- _DATA SECTION_:
Segment Open
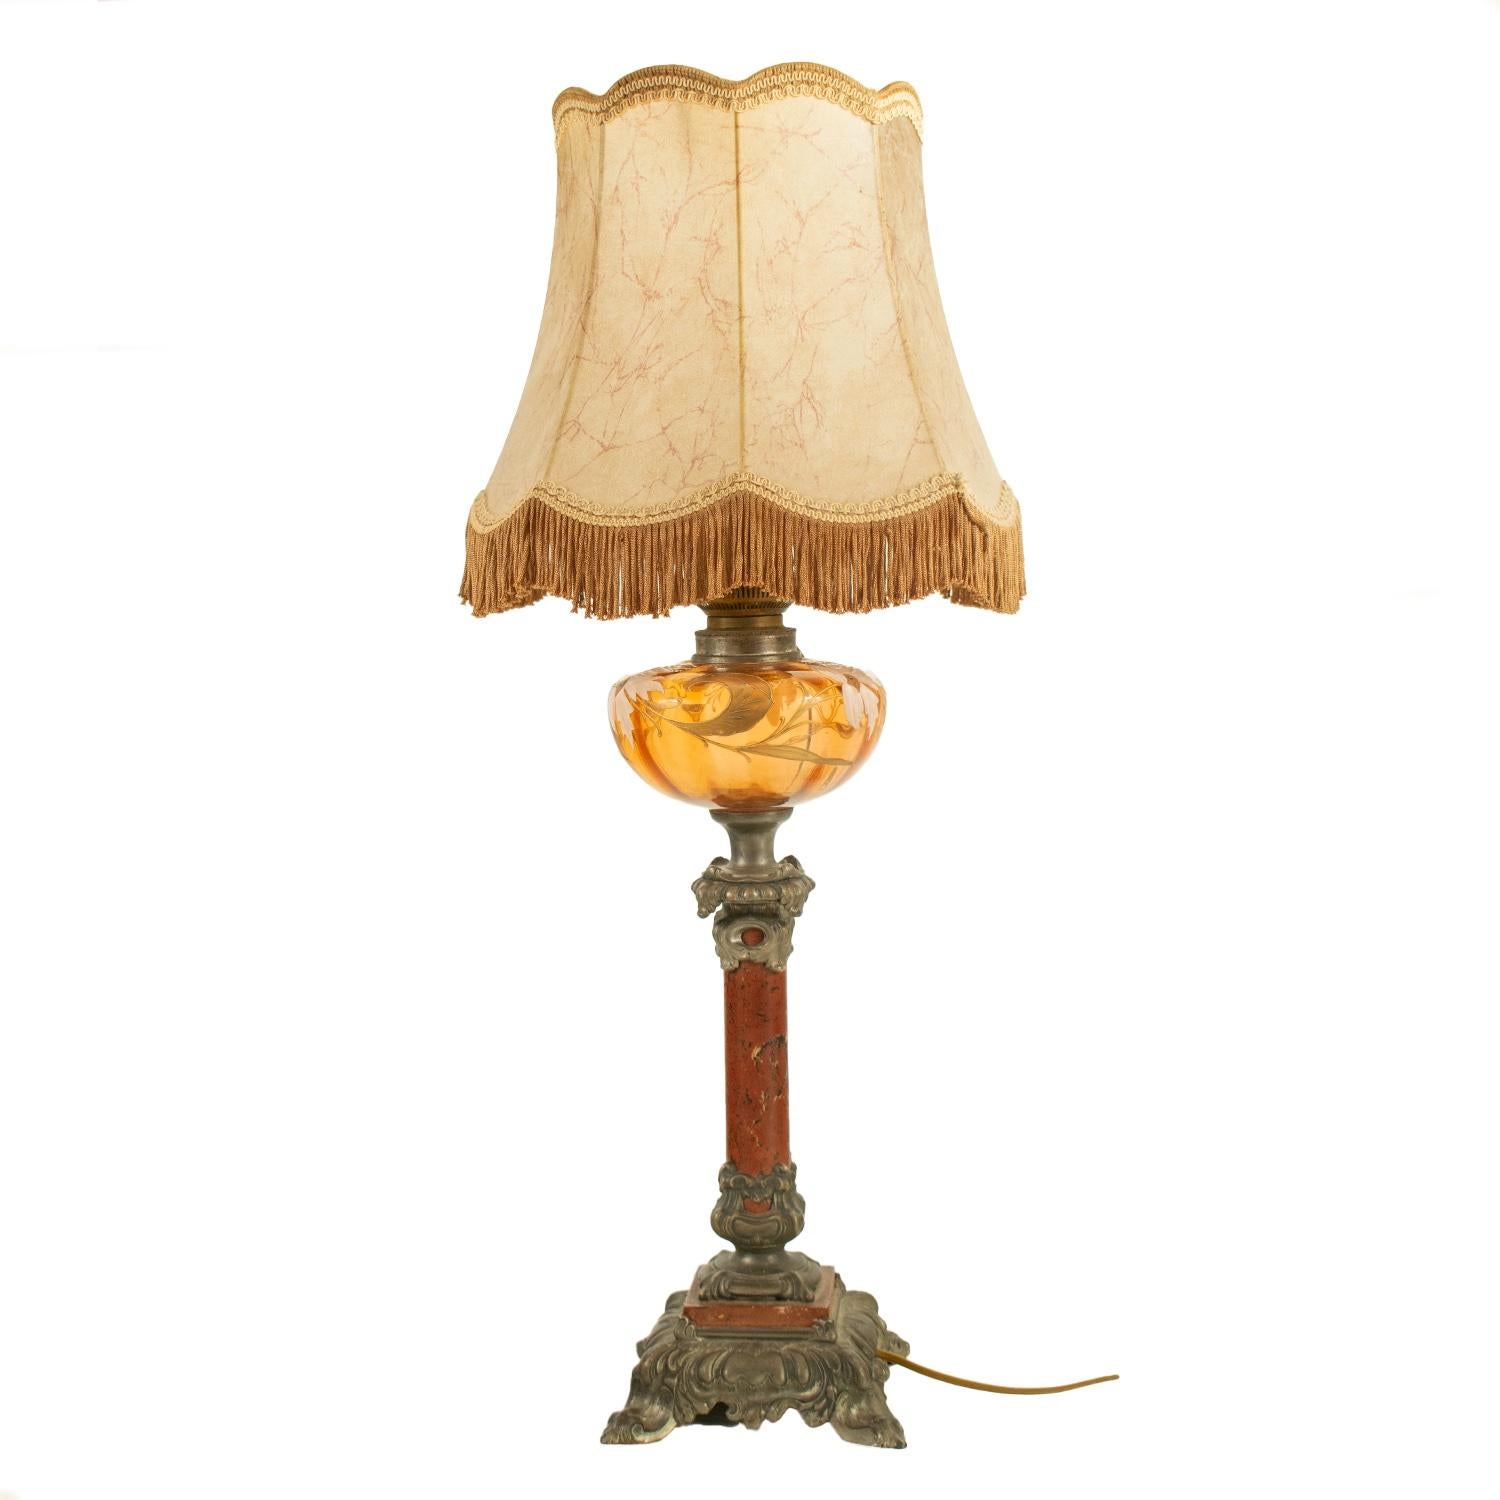 Große traditionelle französische Jugendstillampe, die auf Elektrizität umgestellt wurde, mit originalem Lampenschirm, um 1900.

Mit rotem Marmor- und Zinnsockel und Glasschale mit handgemaltem Blumendekor. 

Die Verkabelung ist in gutem
Segment Closed
- _DESCRIPTION OF THE TASK_:
Retype all the data exactly. Omit pictures.

- _YOUR RESPONSE_:
 Große traditionelle französische Jugendstillampe, die auf Elektrizität umgestellt wurde, mit originalem Lampenschirm, um 1900.

Mit rotem Marmor- und Zinnsockel und Glasschale mit handgemaltem Blumendekor. 

Die Verkabelung ist in gutem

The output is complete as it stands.